§ How to complete this task
Copy out exactly, from the entries that follow, the line holding "The historic Palace", the line holding "Soviet Russian Topographic", and all lines between them, but no pictures.

§ Data extracts
_ _ _ _

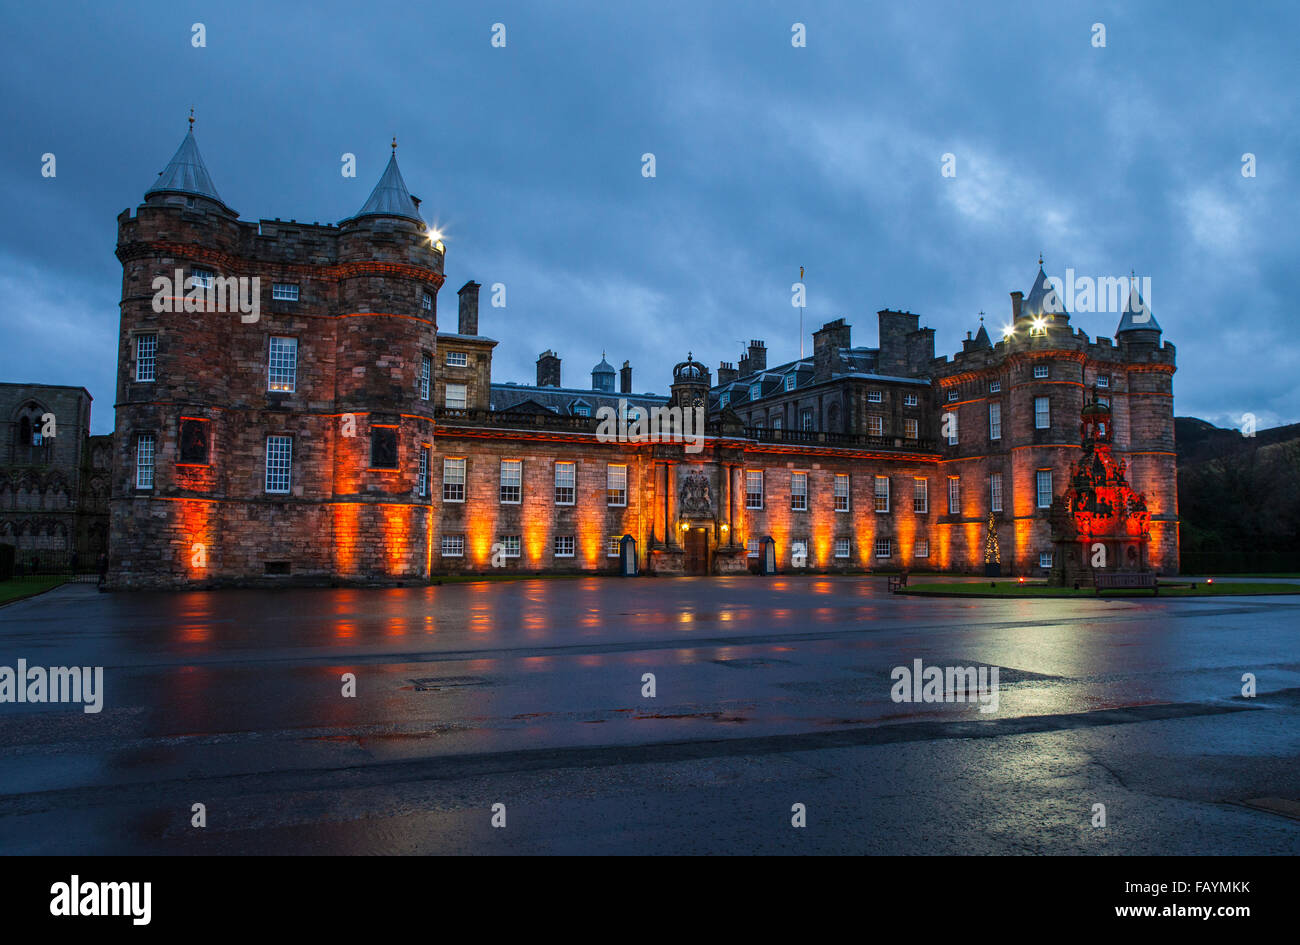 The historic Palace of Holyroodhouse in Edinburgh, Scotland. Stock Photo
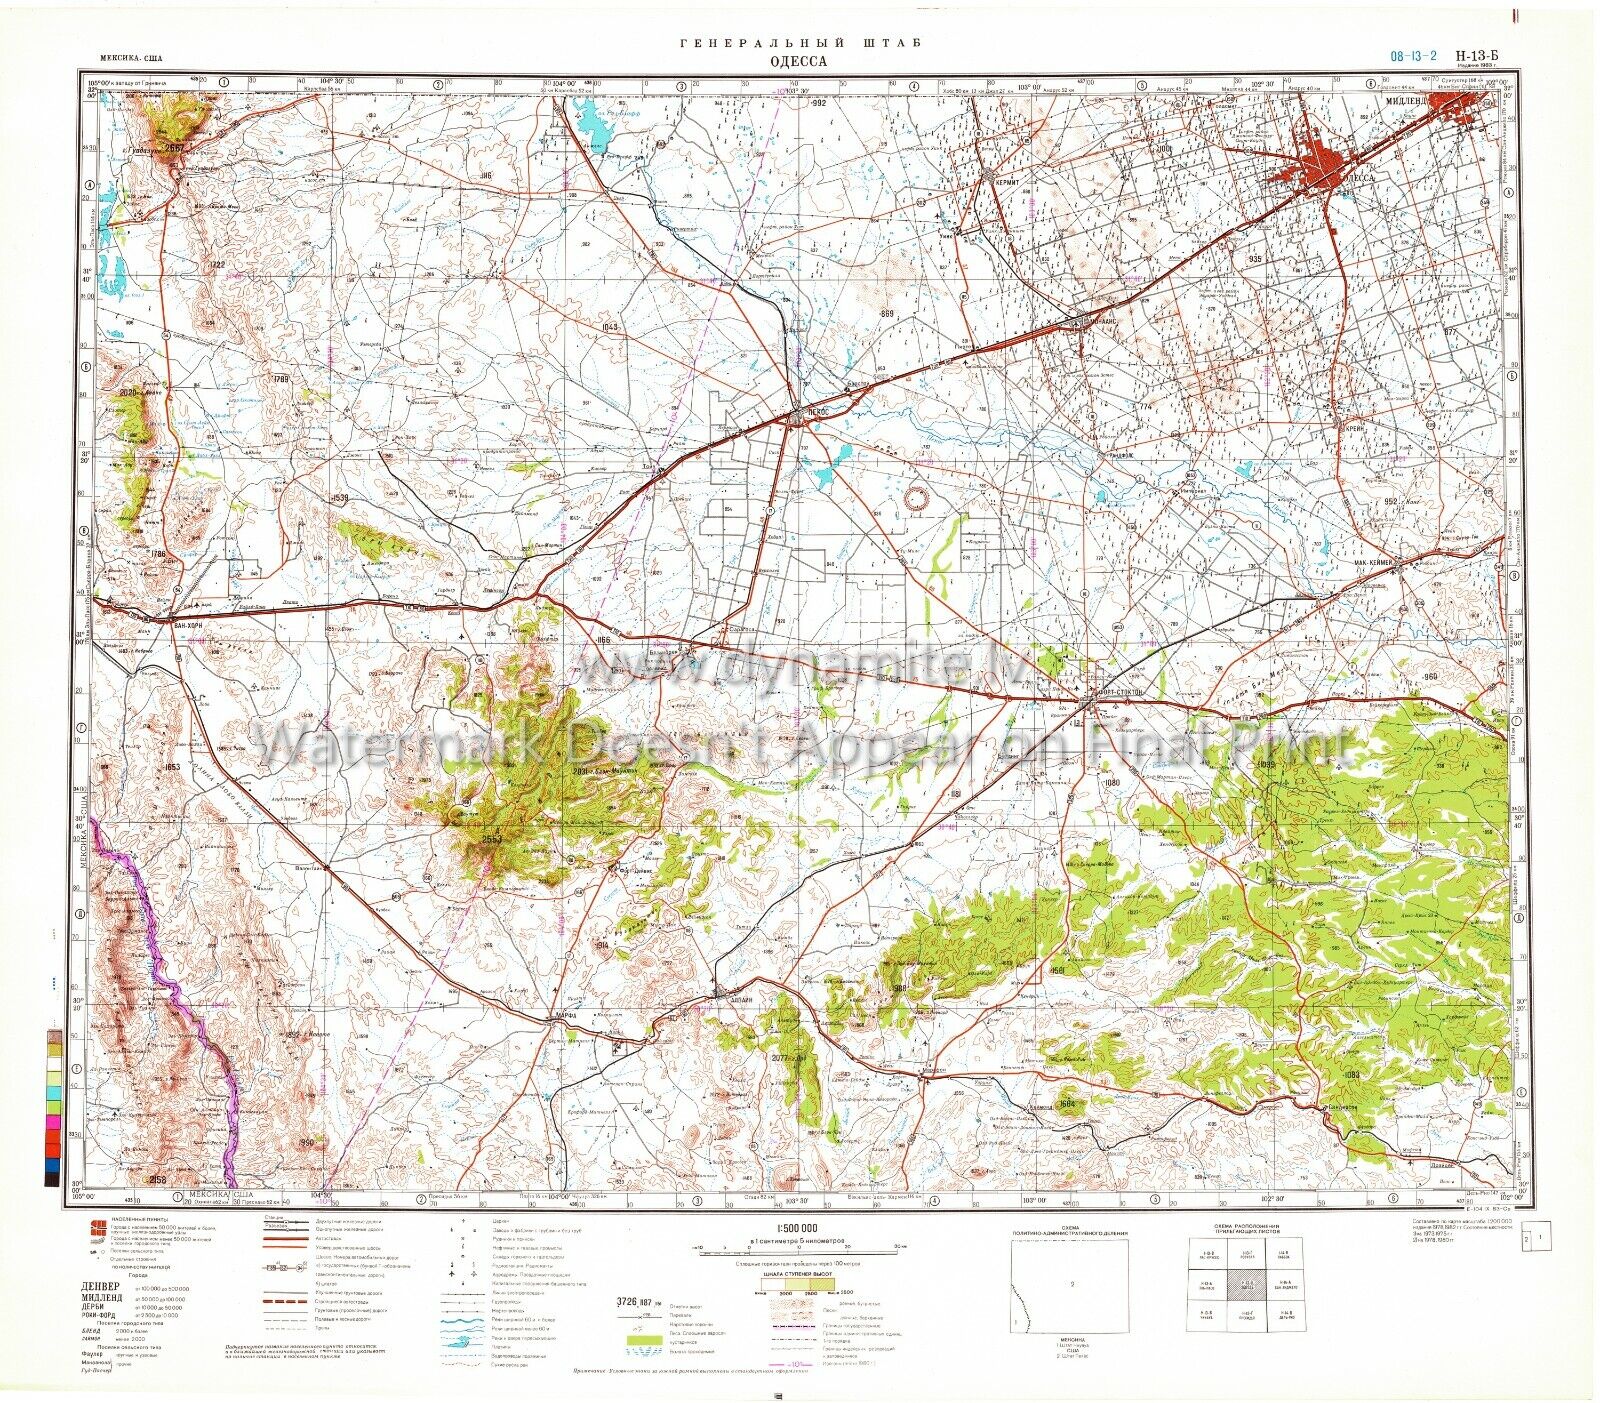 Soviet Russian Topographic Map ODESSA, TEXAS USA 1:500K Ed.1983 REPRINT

_ _ _ _

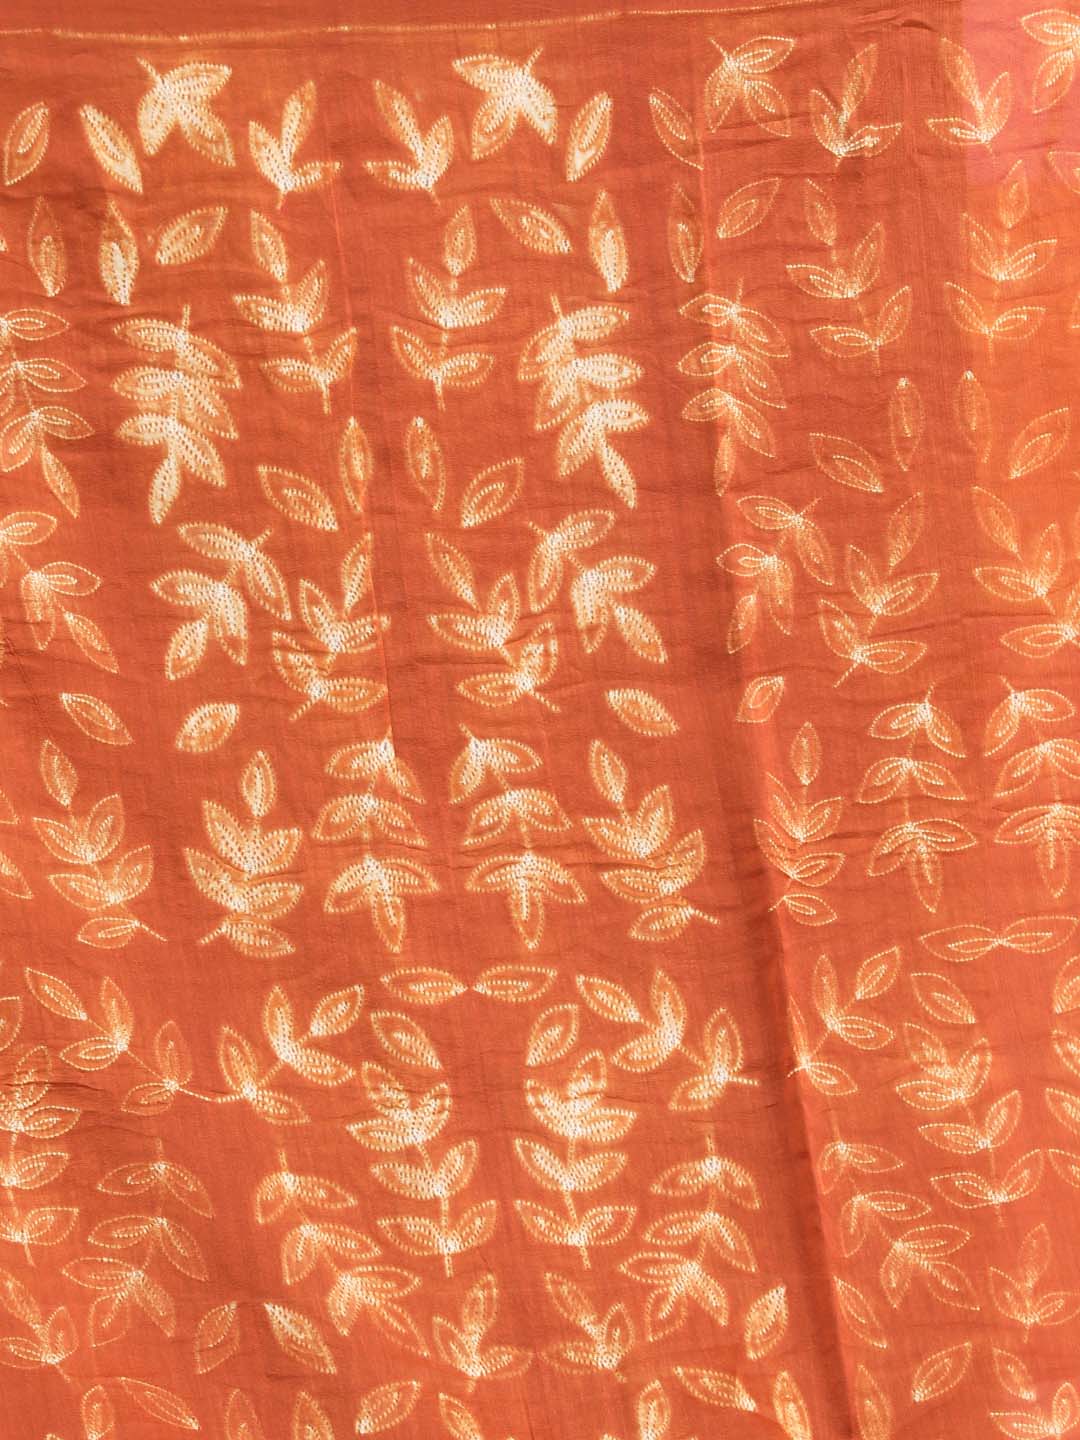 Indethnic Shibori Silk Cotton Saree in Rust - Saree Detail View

_ _ _ _

§ Response
 The historic Palace of Holyroodhouse in Edinburgh, Scotland. Stock Photo
 Soviet Russian Topographic Map ODESSA, TEXAS USA 1:500K Ed.1983 REPRINT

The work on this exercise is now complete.